Engine Rooms, Southampton

Johnny Marr

A truly last minute decision by my best buddy means I don’t stay in, but instead purchase one of the last tickets available for the legend that is Johnny Marr. By 11.05 pm I realise this was a good decision!

A packed house; even at 8.15, eagerly awaits the headline act. First up though are local rockers Dolomite Minor. This two-piece have become 3 for tonight’s performance as they casually take to the stage. One word defines their set-LOUD! Their dark, brooding sound is heavy from the off. I’m reminded of Wolfmother (minus the vocals) – huge chunky riffs bury the drums, while the occasional keys are often lost in the mix. The song endings (in my opinion) need a little work and despite only paltry applause they battle on and just get louder! One can always gauge a crowd’s opinion when hearing chatter between songs. Sadly for Dolomite Minor it’s loud, however they seem to be oblivious to it and get heavier, sounding more like Black Sabbath toward the end of their set. Maybe in a smaller setting with an understanding sound engineer they could pull it off, but tonight in such great company they were never gonna steal the limelight. I wish them well.

Dolomite Minor
Dolomite Minor 1

And so to the headliner. Johnny Marr needs no introduction. With a huge back catalogue to choose from I look around me at tonight’s audience, and I realise we’re all here for the classics. With no setlist to go on I will focus on the songs I remember and the whole feel of the gig. Huge applause reverberates around the room at 9.30pm as Johnny and band take to the stage. He opens with one of his own songs before getting us onside early with “Panic”. There is so much love in the room for this man and the largely middle-aged crowd I feel, (myself included) want to hear more Smiths songs. “Easy Money”; although not my favourite song, goes down well and we don’t have to wait long as he soon performs ‘Rusholme Ruffians’ to great applause. Johnny uses the stage well and if I’m honest the sound is comparably better than for the support-loud but not deafening.

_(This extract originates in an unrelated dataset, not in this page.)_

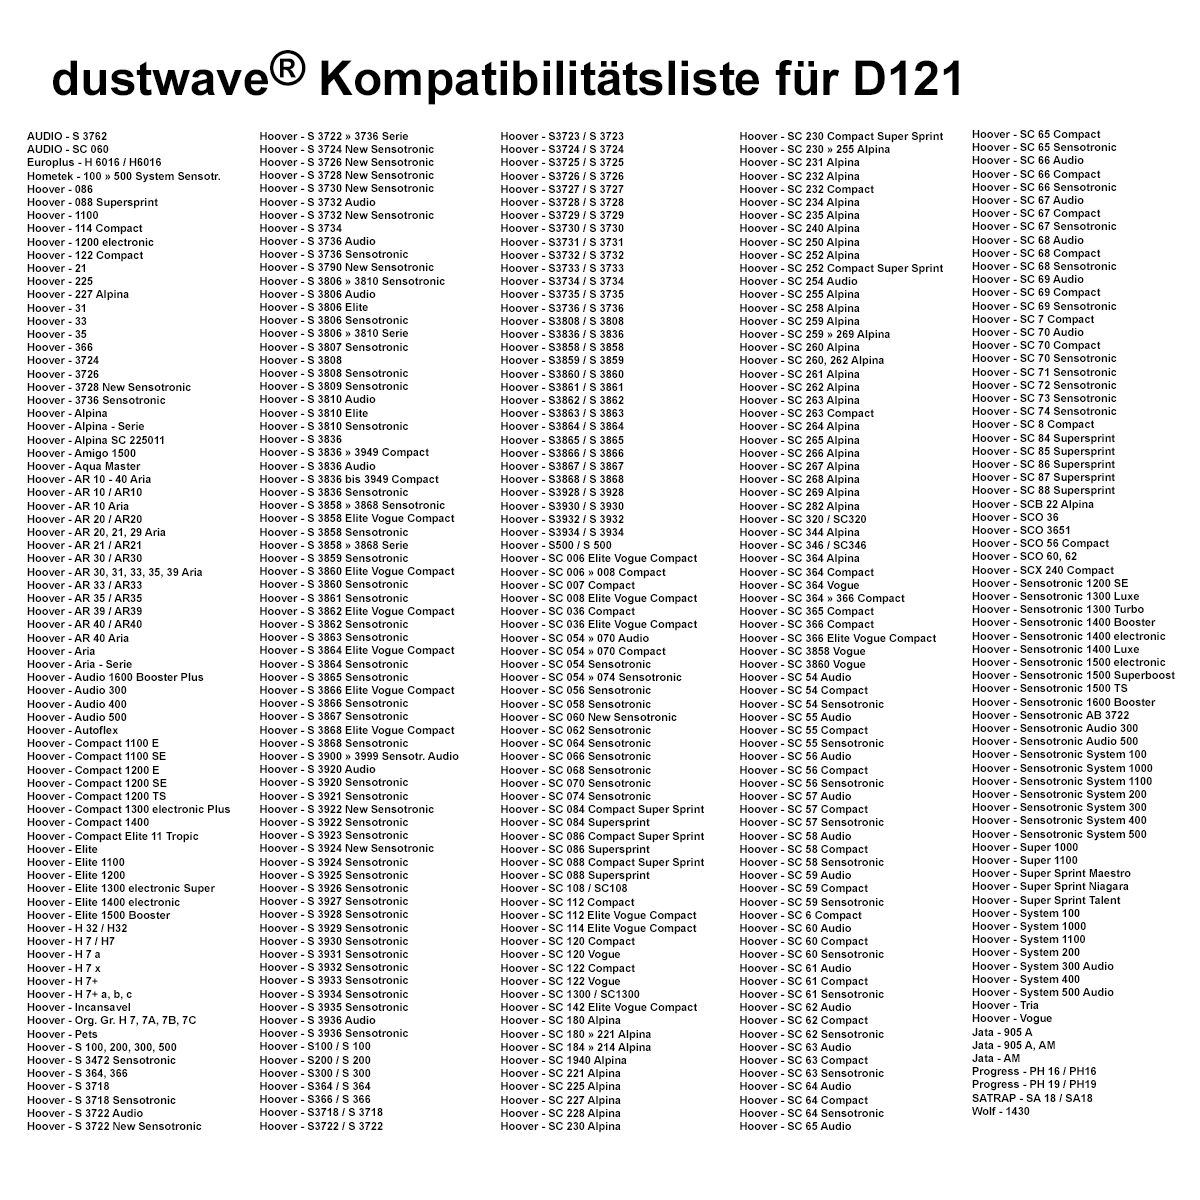 Dustwave® 10 Staubsaugerbeutel für Hoover Elite 1400 electronic - hocheffizient, mehrlagiges Mikrovlies mit Hygieneverschluss - Made in Germany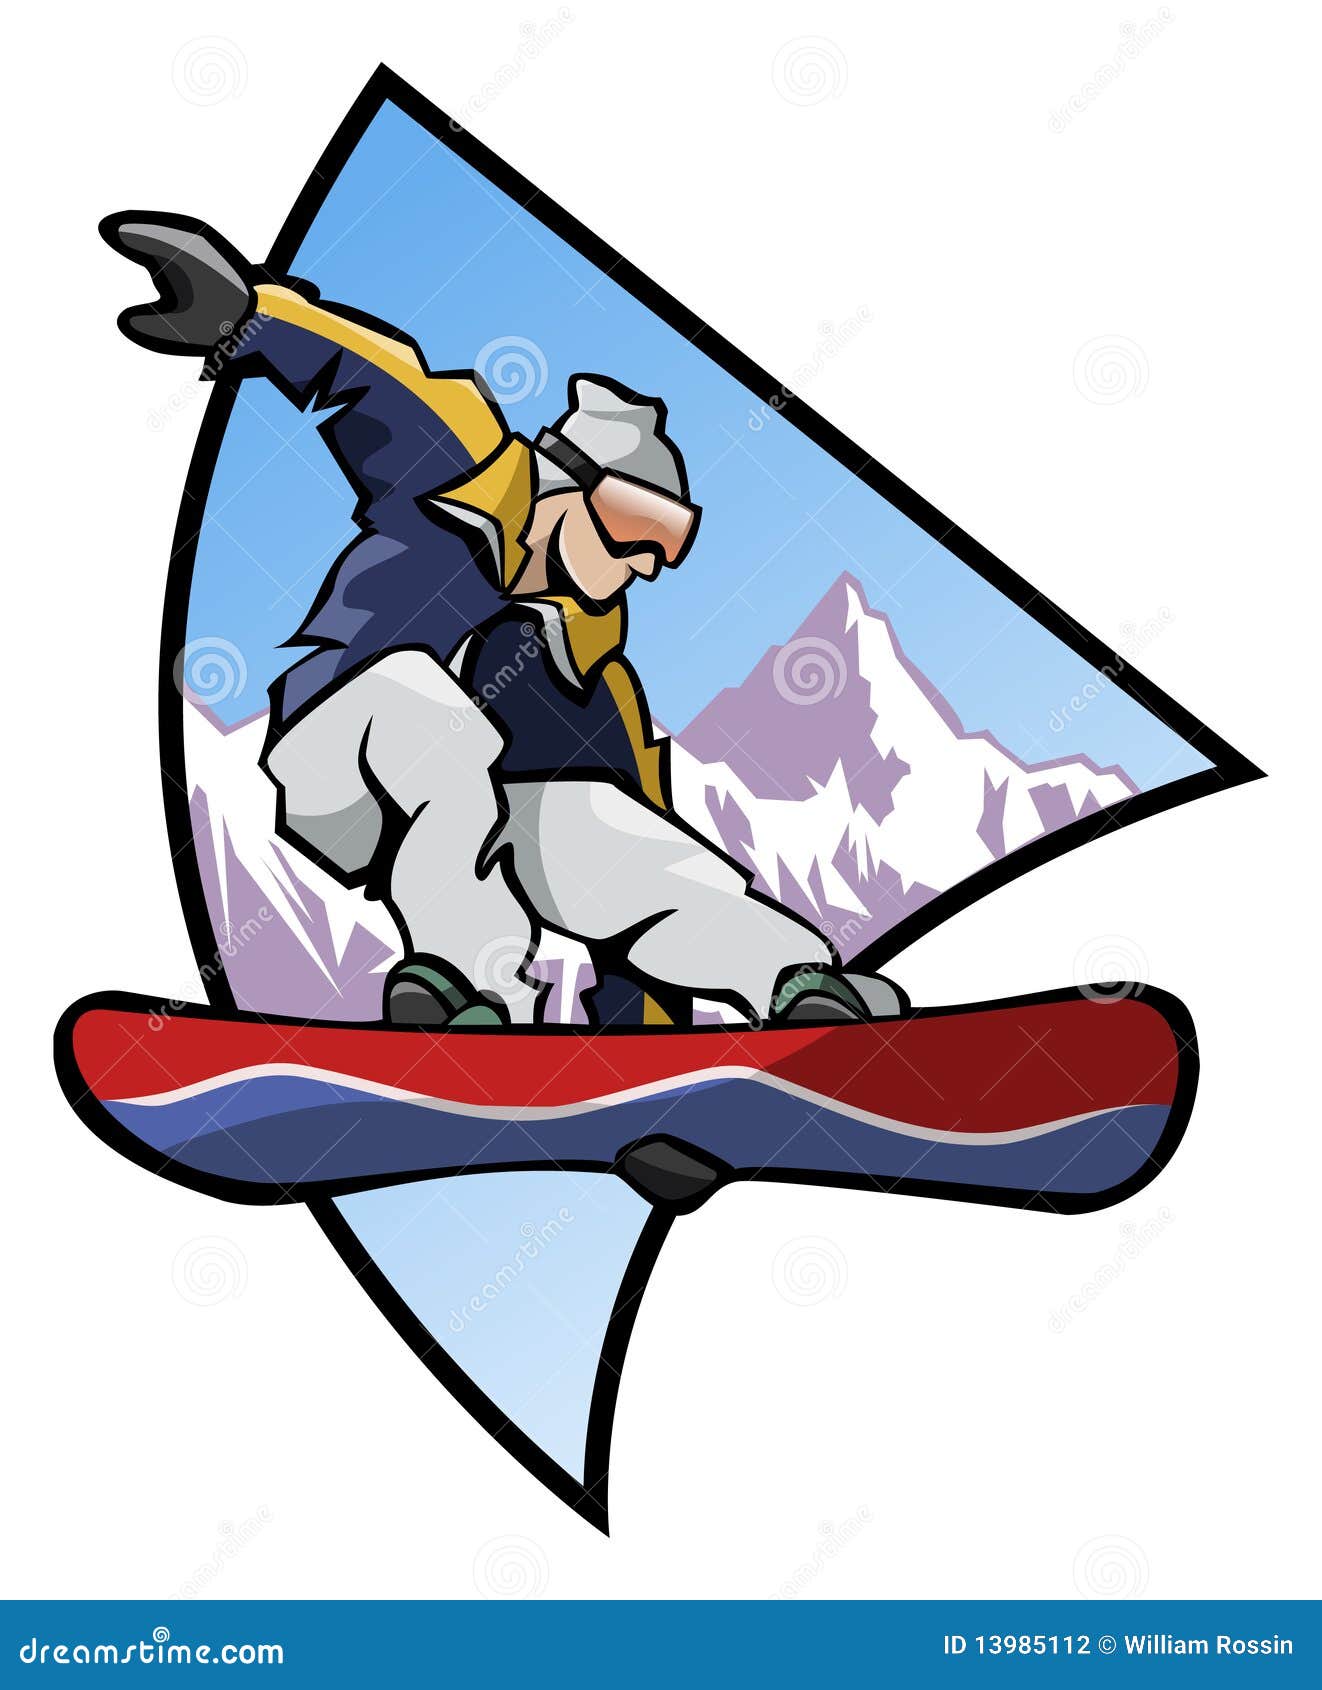 Barwi loga snowboard. Tło komputer wytwarzał ilustracyjnego skokowego loga halnego snowboarder styl

More classics follow with a great cover of Depeche Mode’s “I Feel You” – hearing someone other than David Gahan singing this song really is quite special. Johnny offers a “newie” in the shape of “Spiral Cities” which doesn’t disappoint while Electronic’s “Getting Away With It” garners the first of many big singalongs. However, when the opening bars of “There Is A Light That Never Goes Out” start, a few punters around me become more energetic and this Southampton crowd suddenly come alive. More Smiths classics are offered including “Bigmouth” and a passionate “Stop Me…”. By now he has this crowd eating out of his palms. He ends the set with a cover dedicated to David Cameron-cue The Primitives “Crash” and we all go wild!

Johnny Marr
Johnny Marr 1

Johnny and band return for a 3 song encore, culminating in a chiming guitar-driven “How Soon Is Now”. Again we all sing along while showing huge adoration. With a back catalogue as big as his and more new material planned it’s great to see Johnny back touring the length and breadth of the country – long may it continue.